L’artiste Dominic Lafontaine nous emmène dans un voyage à travers ses œuvres, où l’utilisation du Mylar se révèle être une composante essentielle de son esthétique. Comme la danse perpétuelle de la terre autour du soleil ou de la lune autour de la terre, le concept de l’ellipse nous rappelle la beauté des cercles imparfaits qui régissent notre univers. Ses créations inspirées par le tissage des rameaux, à un, deux, à quatre brins, explorent la manière dont la lumière et la matière interagissent, transformant le simple en sublime. À travers l’utilisation de cette substance au rôle de catalyseur lumineux, Lafontaine nous invite à redécouvrir la lumière sous une nouvelle forme.
Une quête artistique au cœur de la forêt
Selon Emilio Portal, un artiste sudburois qui a assisté au vernissage, l’installation évoque la notion de boucles, de mémoire, de ces cycles qui rappellent les promenades en forêt, tantôt avec son père dans le passé, tantôt avec son fils. L’être humain peut parcourir le même sentier pendant 100 ans, mais l’expérience change à chaque fois. Une roche est déplacée, la température varie, les bruits diffèrent. La nature le transporte dans un autre univers, lui permettant de réfléchir à l’importance des rituels, à la mémoire de ses ancêtres, et aux connexions humaines qui deviennent de plus en plus rares.

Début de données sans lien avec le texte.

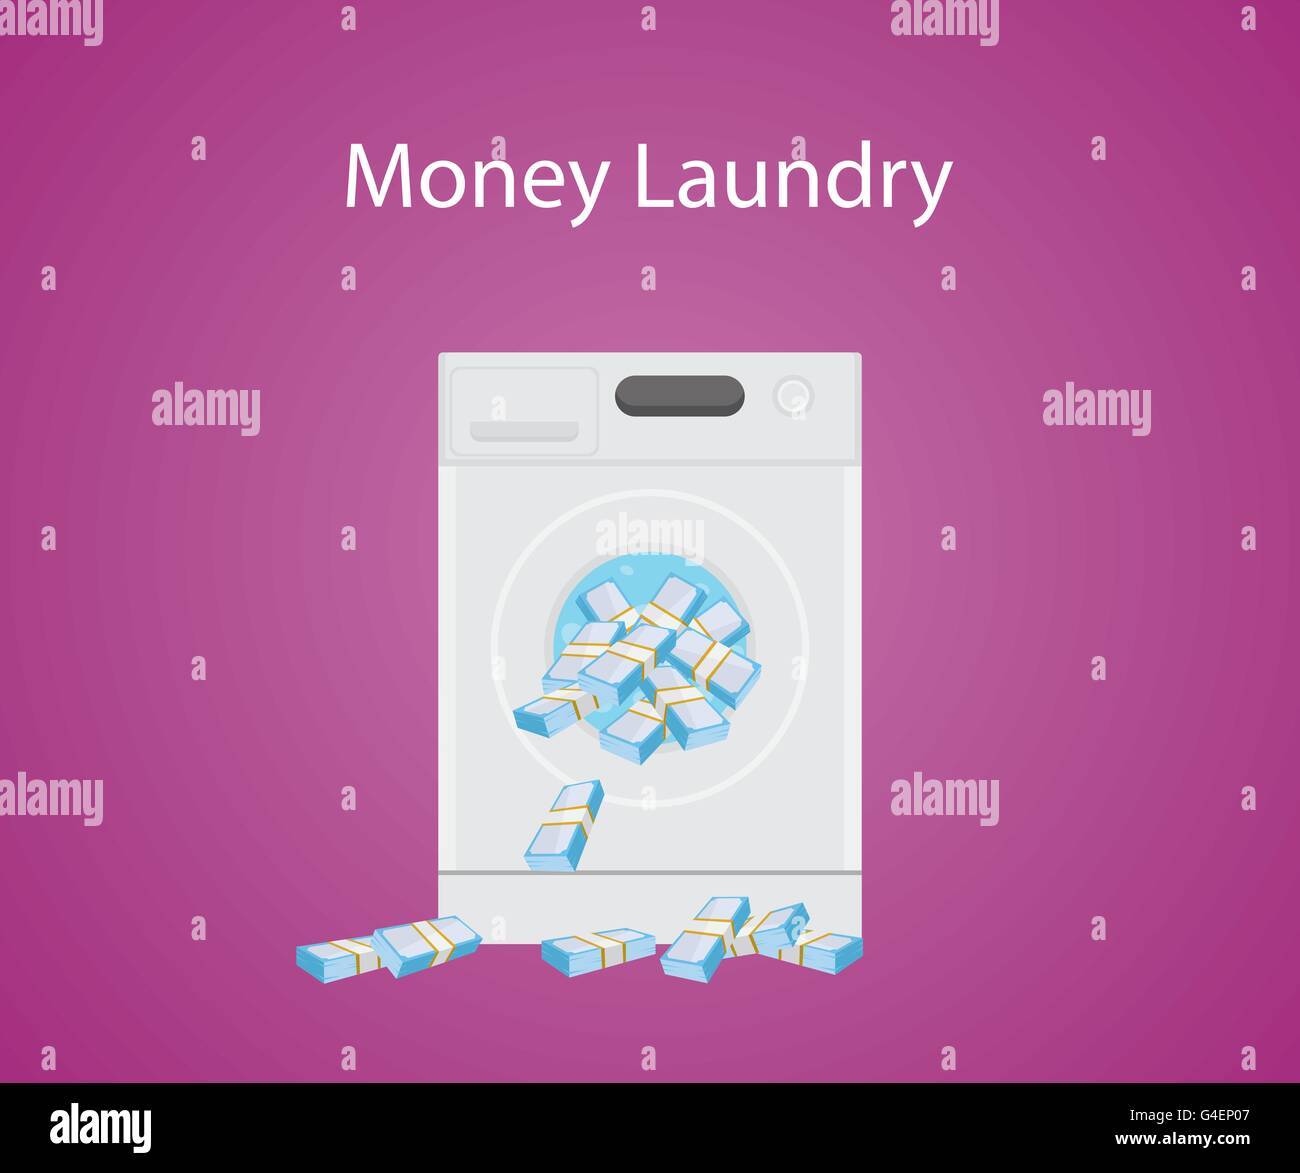 Laundry перевод на русский. Money Laundry.

Pour Emilio, l’inspiration surgit des endroits les plus inattendus. La forêt, lieu de quête créative, lui permet de construire des formes et de s’interroger sur l’impact des technologies sur nos consciences. À une époque où l’intelligence artificielle (IA) et les médias sociaux bouleversent notre rapport à la mémoire individuelle et collective, cette transition rapide vers l’ère numérique modifie en profondeur notre relation avec la nature. La nature, pourtant, un vecteur puissant d’inspiration, rappelle notre connexion avec soi et à tous ceux et celles qui sont passés. Il met en lumière la tension entre l’innovation technologique et la sagesse intemporelle de la nature et des ancêtres.
Une fusion innovante au potentiel infini
Que ce soit pour créer des œuvres d’art interactives qui réagissent aux mouvements du public ou aux changements dans l’environnement ou pour approfondir l’exploration technologique, les photos des créations avec le Mylar combinées au logiciel Photoshop permettent à l’artiste de repousser les limites de la création et de la technologie, ouvrant la voie à des innovations encore insoupçonnées. L’œuvre d’art finale devient évolutive et dynamique, participant à une conversation visuelle continue entre l’espace, la lumière et le spectateur.
L’installation devient un terrain de jeu où les spectateurs interagissent avec la lumière diffuse qui passe à travers le Mylar créant un effet psychédélique envoutant. Les selfies ne capturent pas pleinement la réalité, mais l’expérience interactive de cette fun house reste fascinante.